Por sua vez, ao adquirente incumbe promover a transferência do bem, com
a expedição de novo documento, também em 30 dias, conforme disposto
no artigo 123, inciso I, c/c § 1º do CTB - Se o alienante do bem o repassa a
uma revendedora, deixando, porém, de promover a transferência para esta,
mas sim assinando, meses depois, a autorização de transferência do bem
diretamente para terceiro com quem essa negociou - suprimindo, assim, a
operação intermediária - torna-se impossível exigir a transferência do bem
para a referida revendedora, porquanto tal veículo não lhe pertence. Ao
anuir com o procedimento equivocado, o alienante em consonância com a
regra da boa-fé (tu quoque), não pode exigir a adoção do procedimento
correto, ignorado por ele anteriormente. (TJ-MG - AC: 10000200232296001
MG, Relator: Roberto Apolinário de Castro (JD Convocado), Data de
Julgamento: 24/11/2020, Câmaras Cíveis / 10ª CÂMARA CÍVEL, Data de
Publicação: 02/12/2020)

No caso da jurisprudência mencionada, destaca-se a importância da boa-fé


objetiva e do princípio "tu quoque", que significa que um contratante, ao violar
uma regra, não pode exigir o cumprimento dessa mesma regra pela parte
contrária. Isso enfatiza a necessidade de coerência e honestidade nas
relações contratuais.

No caso de José Pires e Geralda, embora a situação envolva a locação de uma


coleção de arte, argumenta-se que o princípio da boa-fé objetiva também é
relevante. José Pires inicialmente afirmou que a autoria das obras era de
Hugh Gardner, mas depois a verdadeira autoria foi revelada como Sophie
Hamsak.
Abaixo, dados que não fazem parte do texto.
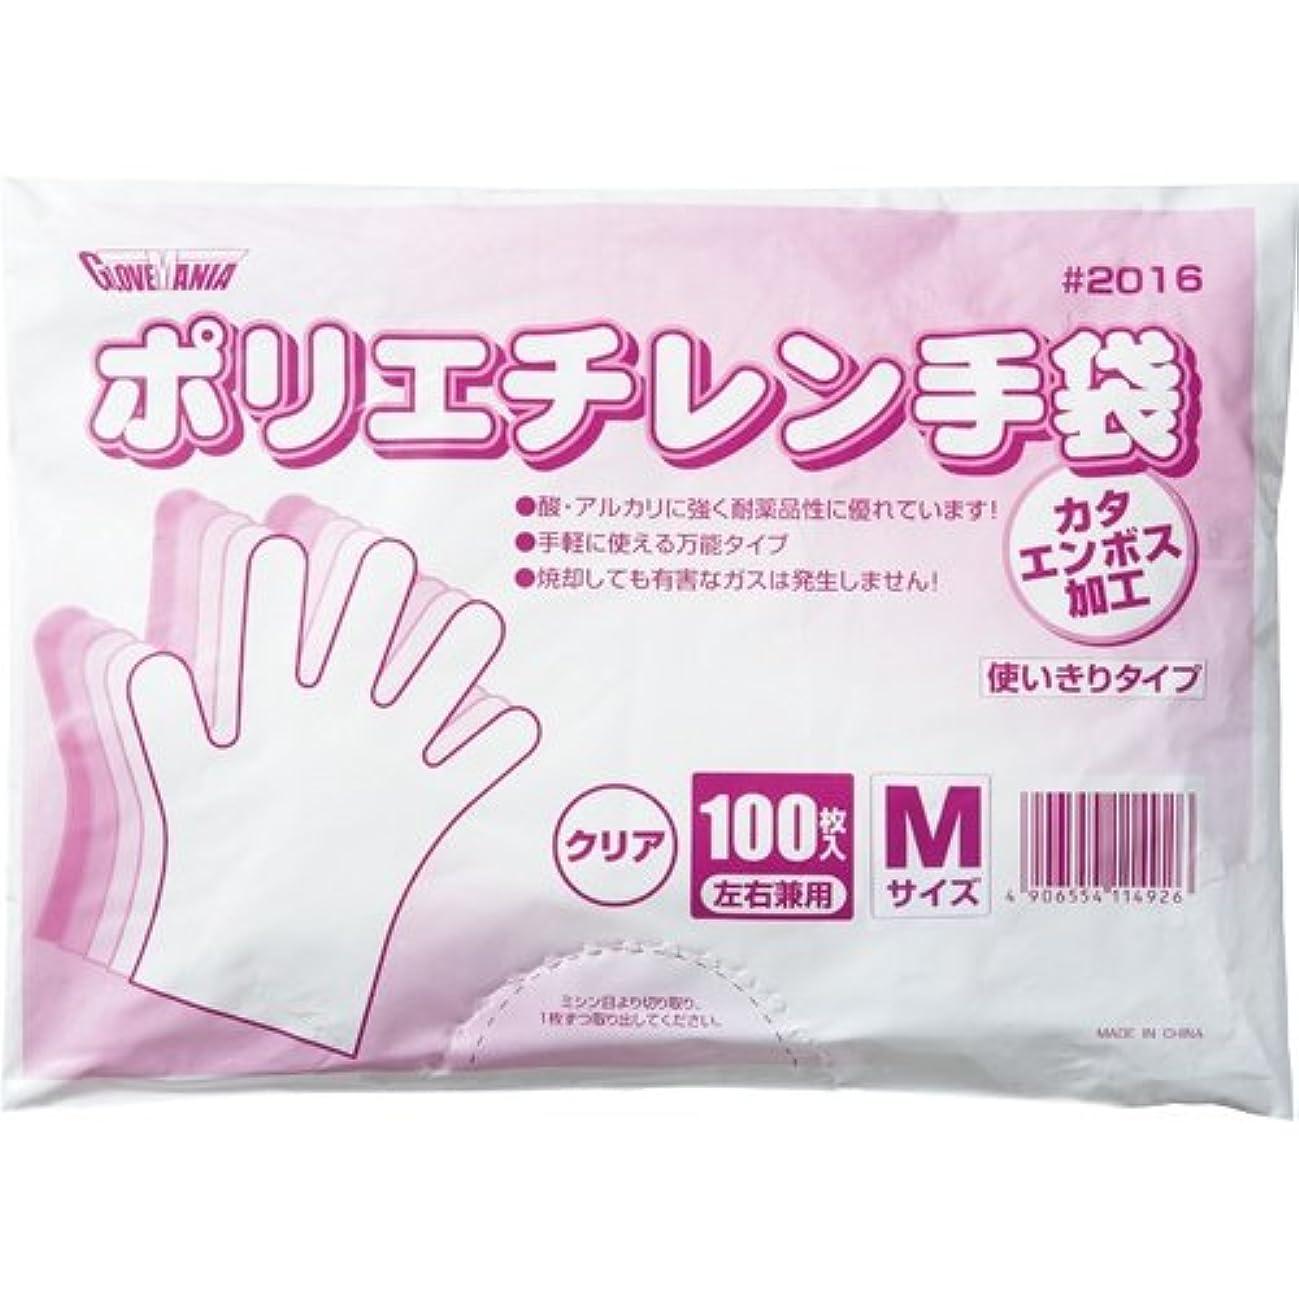 太平洋諸島悩む無許可川西工業 ポリエチレン手袋 カタエンボス クリア M #2016 1セット(10000枚:100枚×100パック)

Isso poderia ser considerado uma violação da boa-fé objetiva, pois
ele agiu de forma contraditória em relação às informações iniciais fornecidas.

4. Resolução do caso:

No caso de José Pires, ele inicialmente afirmou que as obras eram de Hugh
Gardner, o que influenciou a decisão de Geralda de alugá-las. No entanto, quando a
verdadeira autoria foi revelada, ele não pode agora exigir o pagamento com base na
diferença de valor entre as duas coleções, uma vez que agiu em contradição com
suas próprias afirmações iniciais. Isso se enquadra na aplicação do "venire contra
factum proprium" e do princípio da boa-fé objetiva.

Portanto, com base na jurisprudência e nos princípios legais, conclui-se que José
Pires não teria direito de exigir o pagamento adicional com base na diferença de
valor entre as coleções de arte. Ele agiu de forma contraditória em relação às
informações iniciais que forneceu a Geralda.